The wind swirled her hair swirl,
Medusa-like. "You told me to get him down on the beach."
Her voice was an intoxicating hiss.
I brandished the spear gun. "Does
he always carry one of these?"
Her laugh felt like a violent
kick in the balls. As she caressed the gun her bracelet lightly
clanged against its shaft. "I did everything you asked,"
she said, "then I told him you swiped the gun from his truck,
and that you were gonna ambush him. Of course, I also told him
you were behind the last dunenot the first one."
The spear gun's weight seemed
to double: Two police cars turned on to the short street leading
to the sea wall. Flashing red and blue lights formed a psychedelic
halo around Roxy's cherubic face and wind-socked hair. Had I
planned to lose my mind that summer? I wondered. If so,
I was close to achieving my goal.
I forced out a single, rusty syllable:
"Why?"
"Because Markie couldn't."
"Mr. D. killed him when he
tried."
Her shrug seemed to offer redemption.
"After Mr.

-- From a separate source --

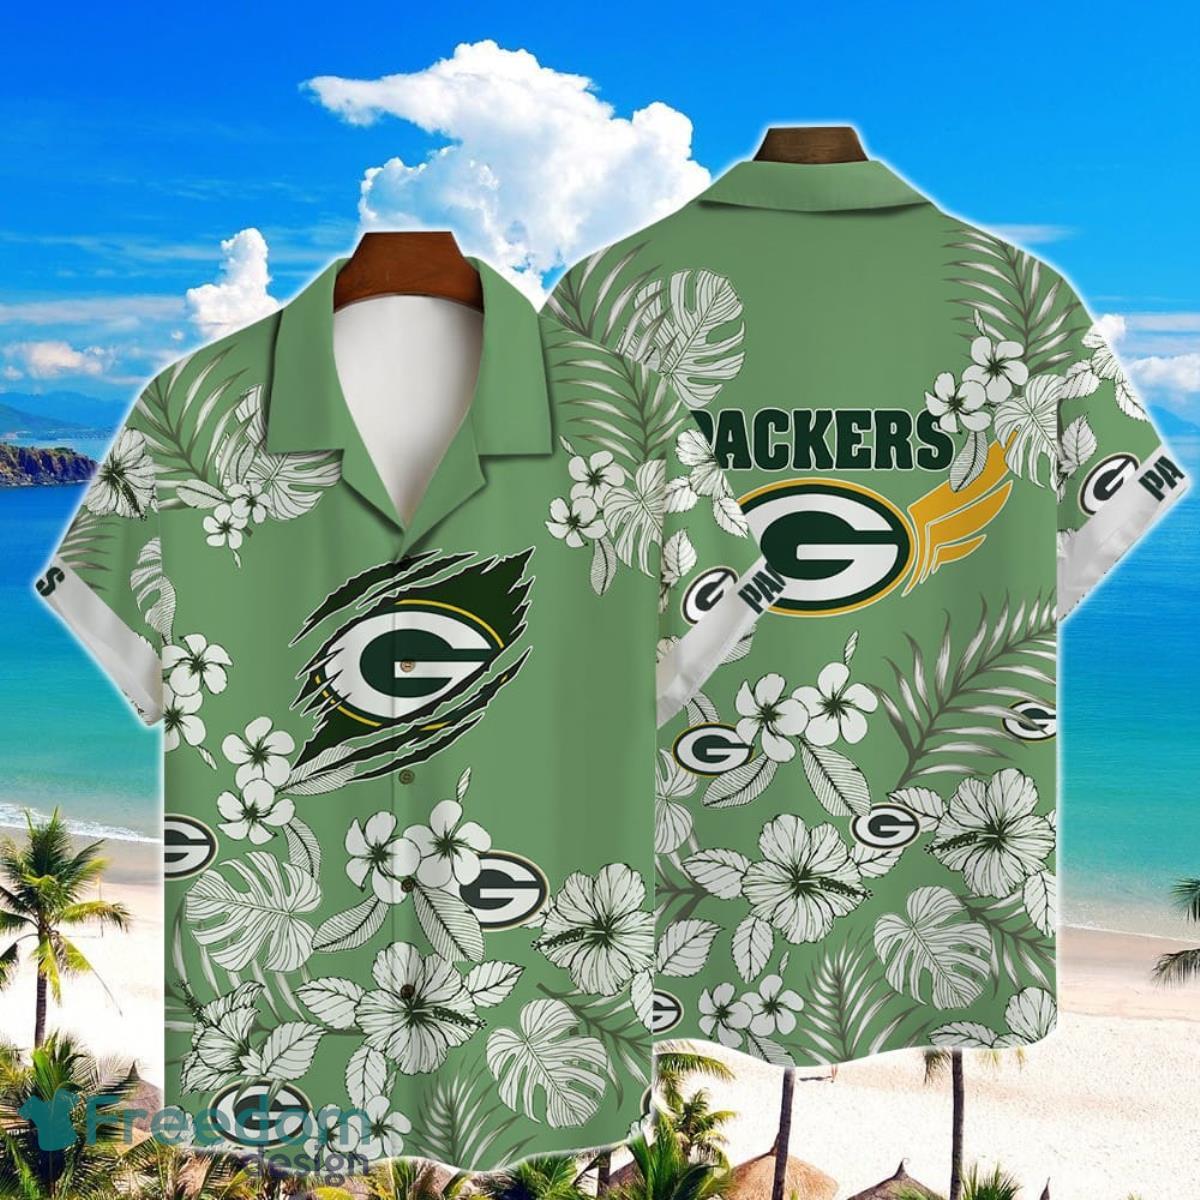 Houston Astros Green Leaf Pattern Tropical Hawaiian Shirt For Men And Women  - Freedomdesign

D. rammed Markie's head into the tree, I put
the bicycle next to his body. The police came up with the rest
of it." Her smile made me want to vomit over the sea wall.
"You were clever. You fought dirty," she said. "You
were superb."
The police cars halted at the
sea wall. A uniformed cop slithered gingerly from each one and
approached us.
"They're not going to be
sorry he's dead," she purred, nodding at the cops. "You
might get a break."
I was out of time. I had nowhere
to run. I didn't even want to run. I only wanted my last
question answered. "I loved you."
Her gaze sliced open my soul, exposing the rot festering there.
"Mr. D always told me, use whatever tools get the job done.
That's all you and I were ever about."
A cop stood behind her and behind
me. Their guns remained holstered. The cop facing me said, "Throw
the spear gun onto the beach. Ma'am, take a step to your right."
Roxy's angelic face exploded into
tears. She dropped to her knees and covered her face with her
hands. "He killed my husband!"
I raised the gun as if to toss
it aside and fired the spear between Roxy's prayerful hands.